In choosing help-desk software, be sure to pick a program that can conform to your processes, not the other way around

By Edmund X. DeJesus, Special to GCN

Good help is hard to find, which is why you often need to provide it yourself. Help-desk applications can assist you in supporting your users, but you’ll need to supply the smarts. That starts with choosing the right help-desk application.

At its most basic, a help-desk application lets users create tickets that describe their problems. Technicians use this information to begin to diagnose the problem, fix it and close the ticket. Help-desk programs can reduce costs by solving problems that impede work, making better use of existing resources and eliminating delays.

Multiple communication channels are necessary. With most systems, users can create tickets via phone calls, e-mail messages or other means. If they are having trouble with one channel, they can use another. You can also define issues as narrowly or as broadly as you like — purely computer-related problems, trouble with phones, building maintenance, human resources and software bugs are all legitimate possibilities.

Workflow tools that route tickets to the appropriate person for assignment, diagnosis, action, verification and closing are another feature of a robust help-desk application. The solution shouldn’t impose a workflow on your organization but rather allow you to define one that reflects your process.

“Tracking is the heart of a help desk,” said Daryl Covey, hotline manager at the National Oceanic and Atmospheric Administration’s Nexrad Radar Operations Center in Norman, Okla. “You don’t want things to fall through the cracks.”

An optional user-accessible knowledge base can let users self-diagnose and remedy problems using validated procedures without needing technician assistance.

Another useful tool is remote access, which lets technicians log on to user machines to investigate and solve problems. For example, LogMeIn Rescue lets users give permission to technicians to run diagnostics, start and stop processes, reboot — whatever is necessary to find and fix the problem.

The big picture

It’s important to recognize that a help-desk solution is only part of an overall information technology strategy. Adding a configuration management capability lets you relate reported problems to system configuration. An asset management component, such as that supplied by Internet Software Science’s Web+Center, can help inventory and manage agency resources. Change management options can assist with planning decisions.

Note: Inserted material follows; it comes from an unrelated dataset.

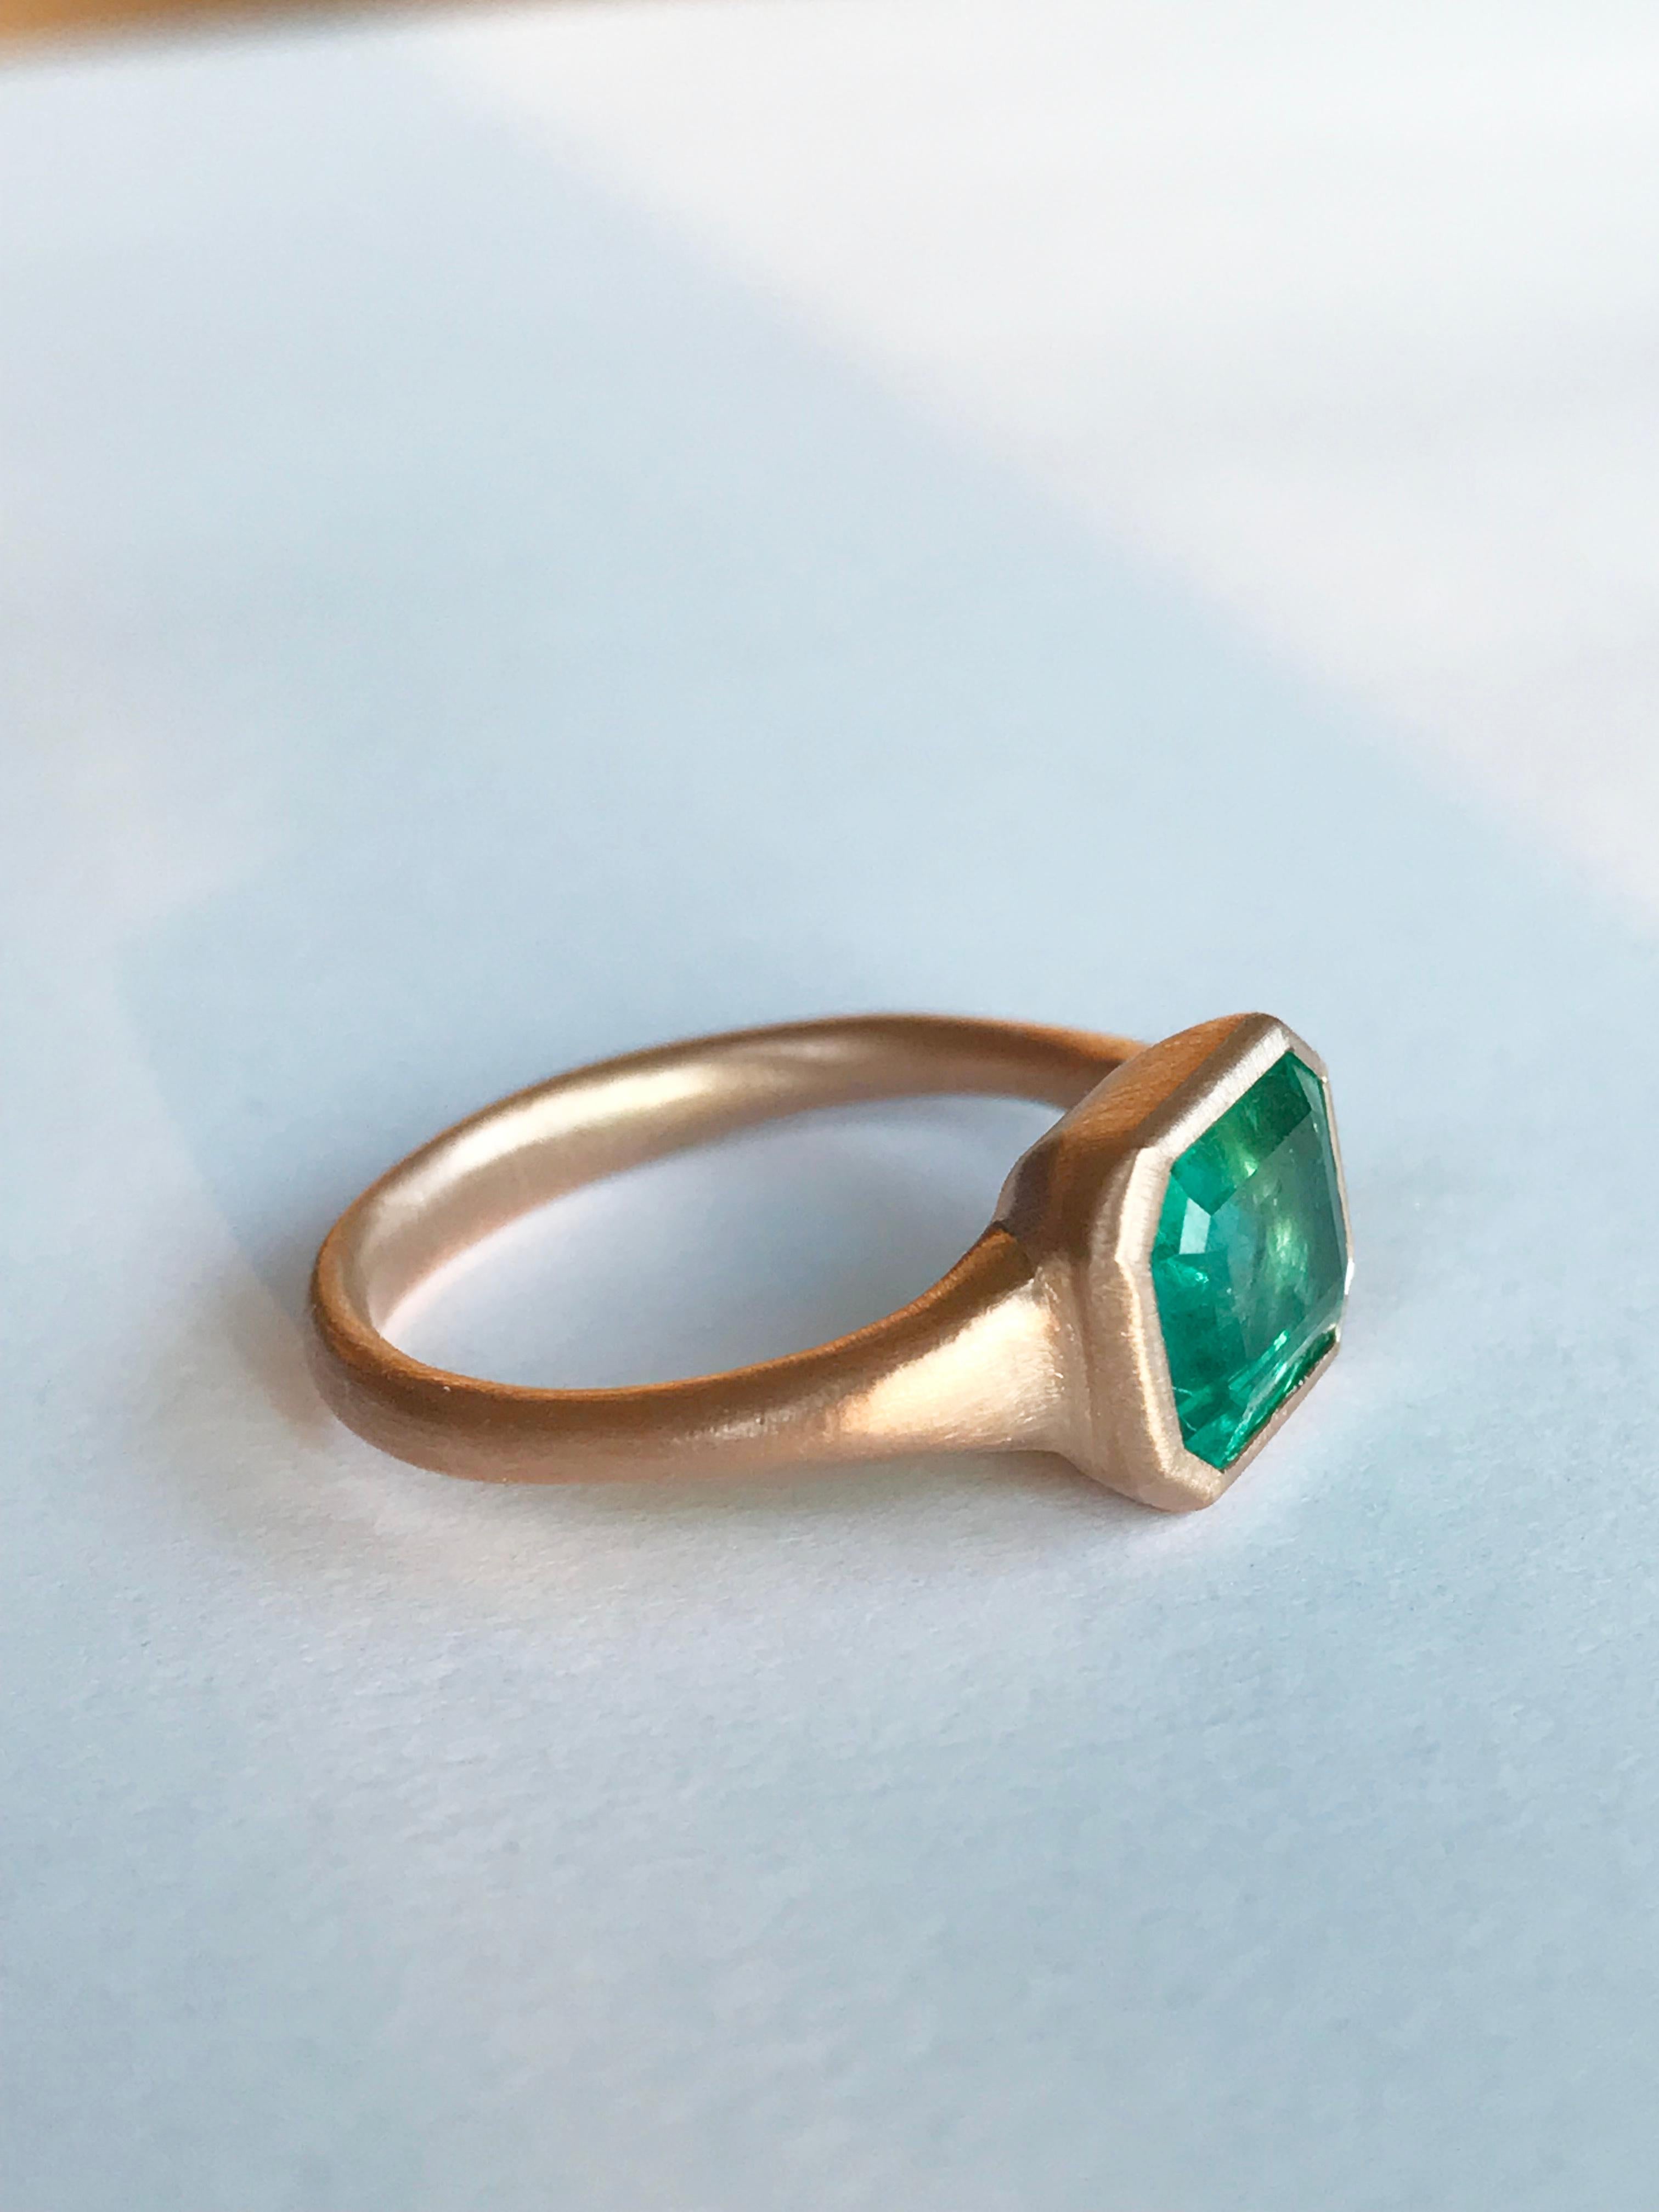 Emerald Cut Dalben 2, 38 Carat Emerald Rose Gold Ring

All these options are important, but reporting is perhaps the most useful for management purposes. One type of report involves details of the help-desk process, such as how long it takes to respond to tickets and fix problems. However, other reports can be more useful for spotting trends or patterns in the big picture of effective systems management. For example, recognizing that certain problems are typical of a particular configuration allows agencies to avoid future difficulties with targeted, preventive responses.